Антидепрессанты традиционно используются для профилактики мигрени, особенно если мигрень осложняется депрессией. Наибольший опыт накоплен в отношении амитриптилина или имипрамина (50–75 мг/сут.). Последнее время все чаще применяют селективные ингибиторы обратного захвата серотонина. Они не менее эффективны и обладают значительно лучшей переносимостью (вызывают меньше побочных эффектов).
Антисеротонинергические средства давно используются для профилактики мигрени. Метисергид (4–8 мг/сут. в несколько приемов) и сандомигран (1,5–3,0 мг/сут.) эффективны почти в 75% случаев. Метисергид назначают крайне осторожно, есть сообщения о развитии фиброза клапанов сердца, легких на фоне его приема, однако это осложнение крайне редкое и обратимое. Он противопоказан при беременности, пороках сердца, коллагенозах, ИБС, заболеваниях периферических артерий, легких, фиброзных процессах.
Последнее время в лечении хронических болевых синдромов все чаще используются антиконвульсанты. Есть успешный опыт применения антиконвульсантов для превентивного лечения мигрени.
Антагонисты кальция иногда используют для профилактики мигрени в качестве препаратов второго ряда – при неэффективности b-адреноблокаторов и антидепрессантов. Наиболее эффективен нимодипин, который легко проникает через гематоэнцефалический барьер и обеспечивает наилучший эффект при мигрени с аурой. Кроме медикаментозной терапии, целесообразно проводить рациональную психотерапию, иглорефлексотерапию, релаксирующие методики для перикраниальных мышц.
Препаратами первой очереди выбора для лечения хронических головных болей напряжения являются антидепрессанты. Наиболее оправдано назначение сбалансированных или седативных антидепрессантов, которые уже с первых дней лечения способны купировать как депрессию, так и тревогу. У пациентов с хроническими ГБН помимо депрессии часто имеются и тревожно-фобические нарушения. Длительность терапии составляет не менее двух месяцев. Возможно использование антидепрессантов для профилактического лечения частых эпизодических ГБН. При наличии выраженного мышечного напряжения полезно комбинировать антидепрессанты с миорелаксантами и анальгетиками. Антидепрессанты потенцируют действие анальгетиков. Использование в лечении хронической ГБН исключительно фармакотерапии не оправдано. К лечению антидепрессантами необходимо подключать нелекарственные методы лечения (психотерапия, биологическая обратная связь, массаж, постизометрическая релаксация).

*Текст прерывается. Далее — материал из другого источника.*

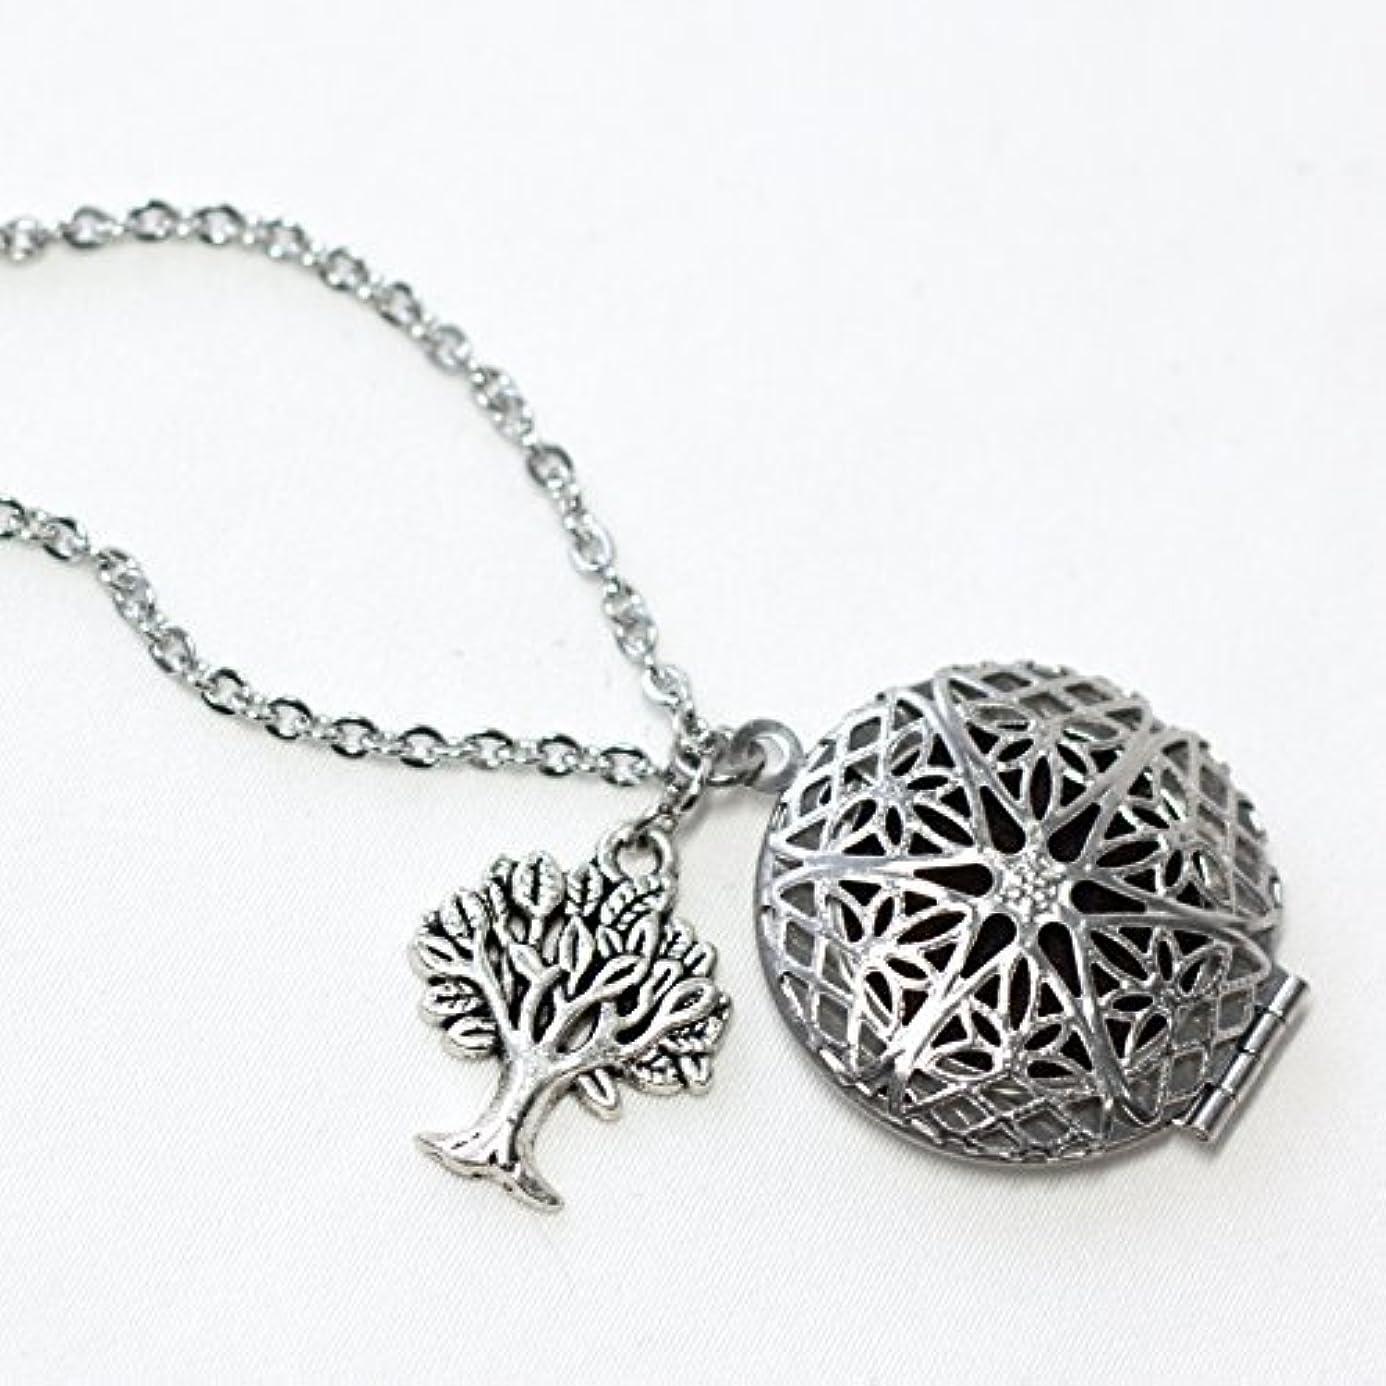 苦行テクニカル扱うTree Diffuser Necklace for Essential Oils 18 inches with felt pads [並行輸入品]

Пациенты, страдающие первичными ГБ, как правило, не обращаются к врачу по поводу эпизодической головной боли и предпочитают «перетерпеть» боль или обезболить ее, руководствуясь собственным опытом, мнением окружающих или советами провизора. Доступность большинства анальгетиков (безрецептурные формы), способных купировать головную боль, также делает необязательным посещение врача. К сожалению, даже в развитых странах люди, страдающие повторяющимися ГБ, не в должной мере используют возможности медицинского обеспечения [3], они редко обращаются за помощью к специалистам [4]. Даже если пациенту поставлен правильный диагноз и назначено адекватное лечение, он зачастую не является на повторный прием и пытается самостоятельно контролировать приступы ГБ, что приводит к хронизации боли через абузусный фактор (чрезмерное употребление анальгетиков) и присоединение расстройств депрессивного спектра. Консультации пациентов с ГБ в специализированных центрах ведут к увеличению контингента больных, получающих профилактическое лечение, к изменению типа терапии для купирования приступов ГБ, что, в свою очередь, приводит к выраженному улучшению фармакоэкономических показателей [5].